That something else is fair value accounting–a sensible system in some respects and for some limited purposes, but not well designed for the challenges it has faced in the subprime meltdown, when it has been applied woodenly and without concern for the larger issues of systemic effect. FASB, the private group that establishes financial accounting policy, introduced the basic elements of fair value accounting in 1993 and currently has underway a long-term project, known as the “measurement framework,” to determine how the various ways to measure asset values should apply to different types of business activities. It might have been better if this study had been completed before fair value accounting was offered as the conventional way to value assets.
Fair value accounting rests on two underlying concepts: first, asset valuations should be consistently applied across industries so that companies can be more easily compared, and second, where there is a market price for an asset, it should under ordinary circumstances be carried on a company’s balance sheet at that price. As general rules, these are unexceptionable, but in practice they are in conflict and in some cases unworkable. Not all companies follow the same business model, even within the same industry. Some primarily hold assets to maturity, while others actively trade assets and liabilities. These different business models can result in significantly different asset valuations, and in some cases similar valuations for widely different business models. This can make companies in the same industry difficult to compare, especially because there is currently no way to make clear to investors or analysts what percentage of a company’s assets are valued under each method. In addition, market-based movements in asset values can create substantial volatility in balance sheets and earnings reports–again, depending on a company’s business model. Finally, where there is no observable market price, other valuation methods must be used, and these can vary from company to company–again, calling comparability into question.
The key underlying issue–which should be addressed in FASB’s measurement framework–is the reason for fair valuing assets. Why, for example, is market price important? What does it tell investors or creditors if there is no intention to sell an asset at that price? It is clear that some nonmarket valuation method must be used when there are no observable market prices for an asset, but what rule applies when there is a limited market for an asset or when the market is not functioning normally? In the limited or abnormal market case, as discussed below, a strong argument can be made that the market price is misleading rather than informative.
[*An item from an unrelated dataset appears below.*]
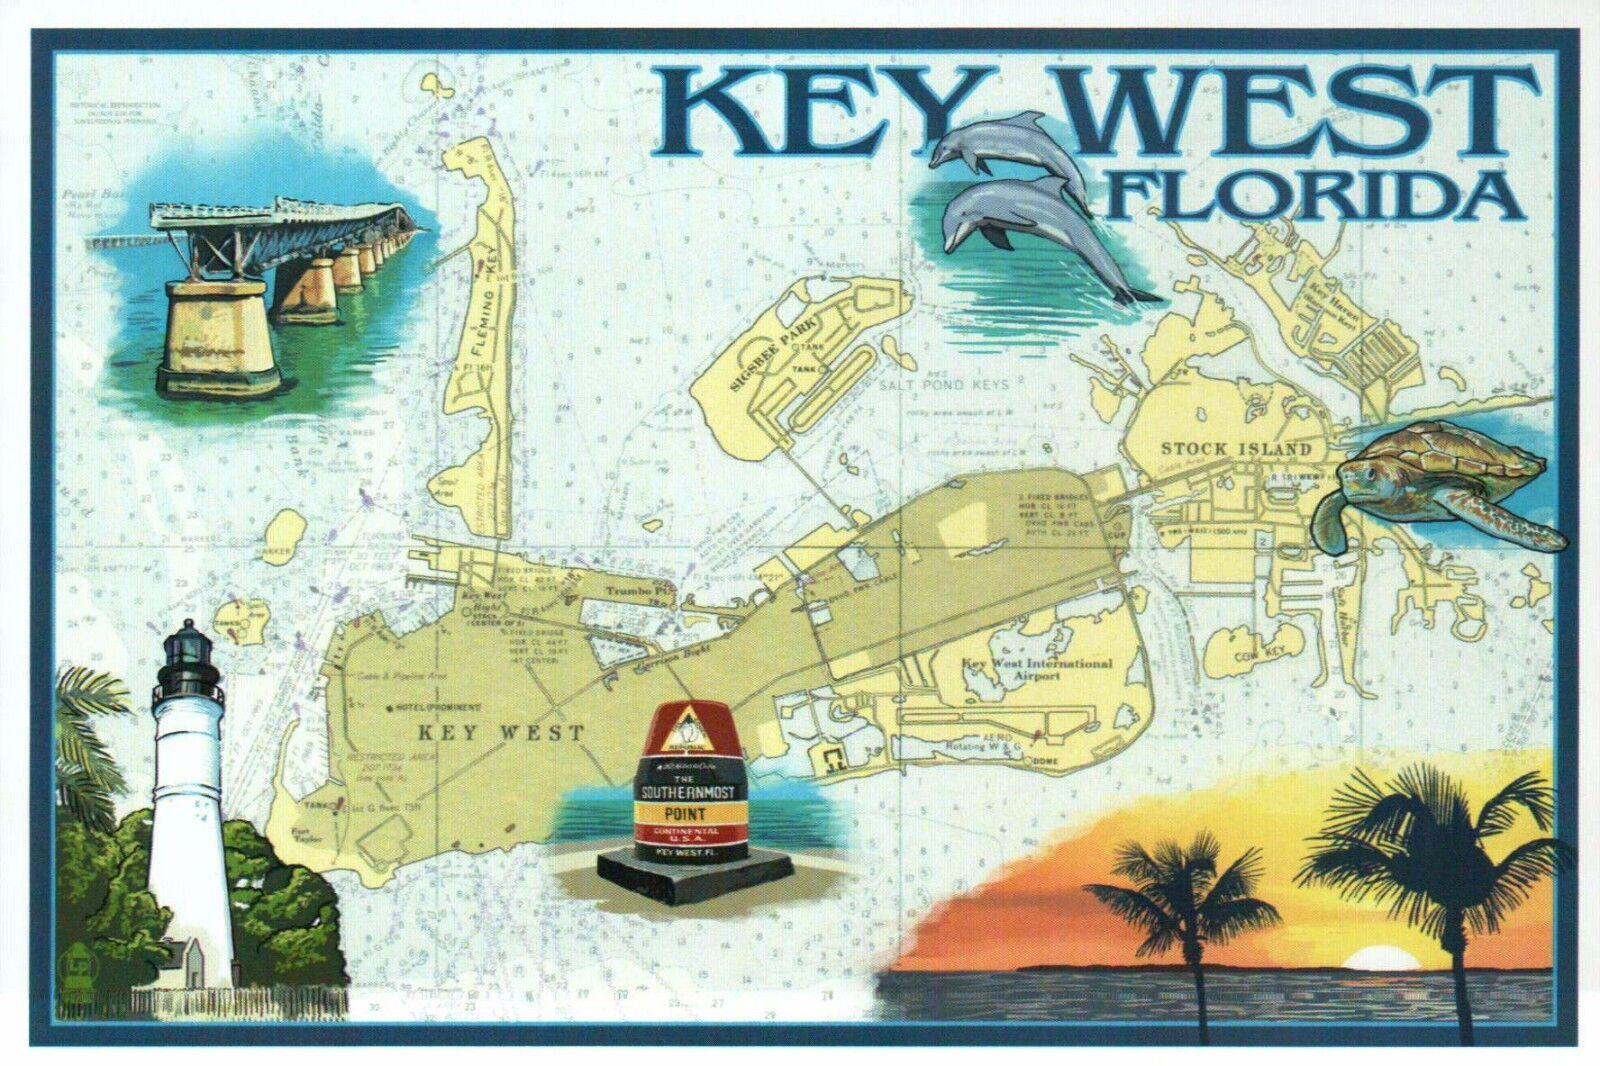 Image 1 - Key West Nautical Chart, Florida, Map, Lighthouse, FL Keys Bridge etc - Postcard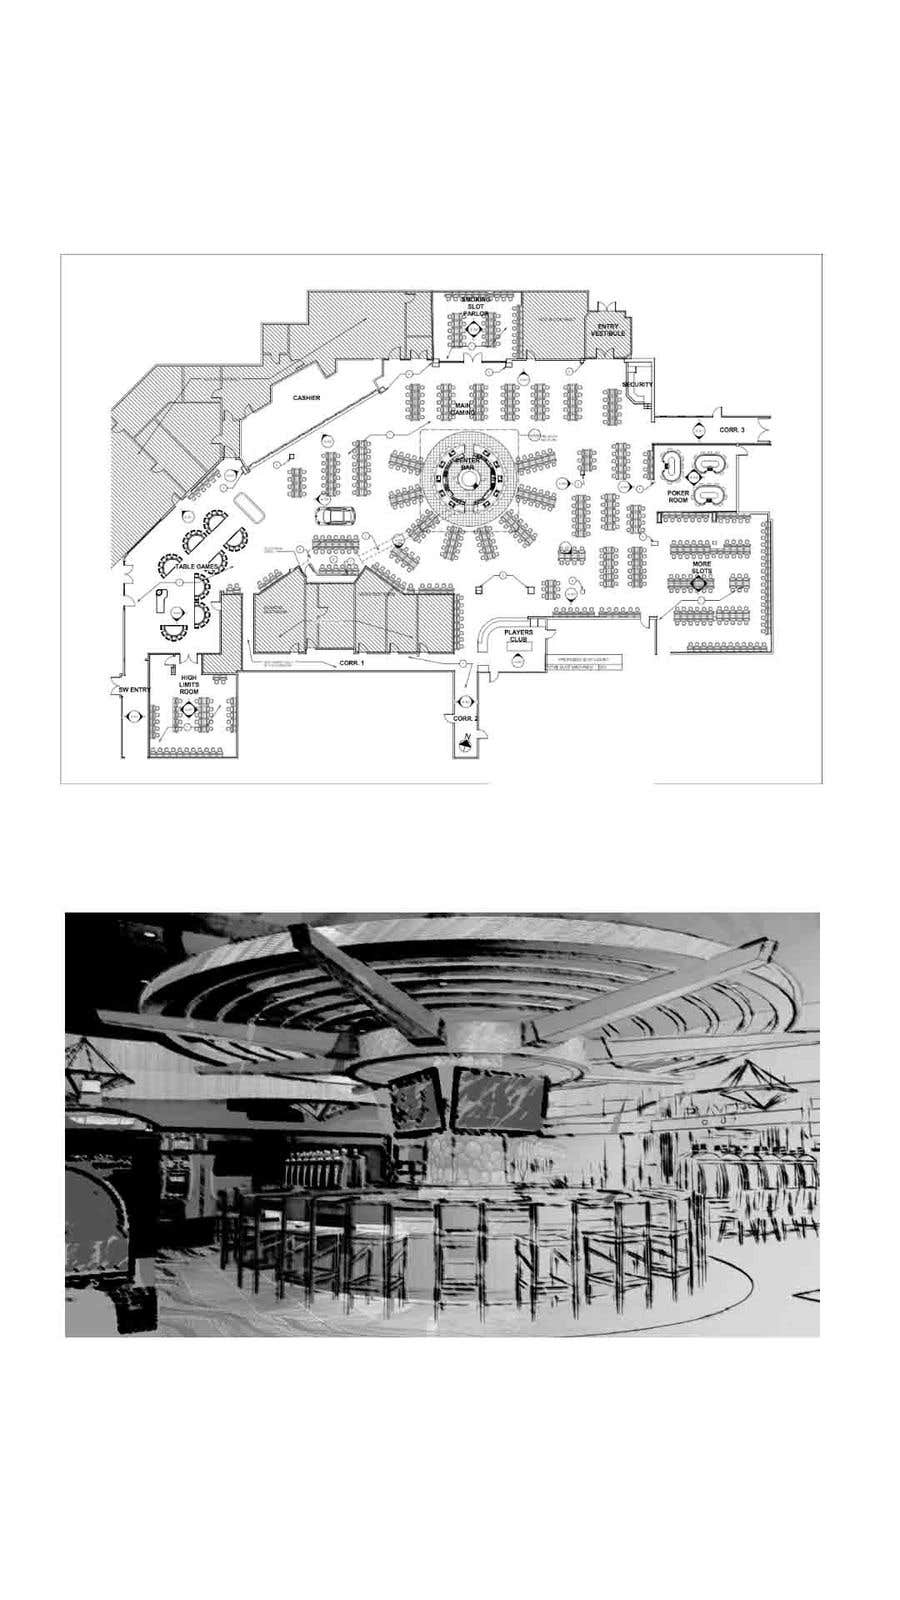 Konkurrenceindlæg #                                        10                                      for                                         Casino Floor Plan and concept design

It is true that valuations based on the initial cost of an asset–although simple to apply–can be misleading as conditions change over time, but it appears that the mark-to-market approach favored by fair value accounting can be equally misleading in some circumstances and, in the market conditions today, affirmatively harmful to a full understanding of a company’s financial condition.
The Basics of Fair Value Accounting
The foundational ideas associated with fair value accounting were adopted by FASB in Statement of Financial Accounting Standards (FAS) 115. The rule divided financial assets into three categories–those held “to maturity,” those held “for trading purposes,” and those “available for sale.” Each of these categories is treated slightly differently. Assets held to maturity are valued at amortized cost; assets held for trading are marked to market, with unrealized gains or losses included in earnings; and assets deemed available for sale are marked to market, with unrealized gains or losses excluded from earnings but included in shareholders’ equity.
Obviously, these three categories provide many opportunities for the manipulation of earnings. For example, a management that wanted to increase earnings during a reporting period could transfer appreciated assets from the available-for-sale category to the trading category, where the appreciation would add to the bottom line; in the same way, moving a depreciated asset from the trading category to the available-for-sale group would reduce reported losses. To prevent this kind of manipulation, FAS 115 contains a number of rules about how assets are to be valued when moved from one category to another. The held-to-maturity category is particularly difficult for accountants and auditors to police because its key element is an assessment of management’s intent, which is always difficult to determine. For that reason, FAS 115 contains a number of stringent rules about when an asset may notbe treated as held-to-maturity; these prohibit held-to-maturity treatment, for example, if the asset might be sold to meet the company’s need for liquidity or if there were changes in funding terms or currency risk. If an asset is excluded from the held-to-maturity category, it is automatically carried in the available-for-sale group–and in that case it is supposed to be marked to market.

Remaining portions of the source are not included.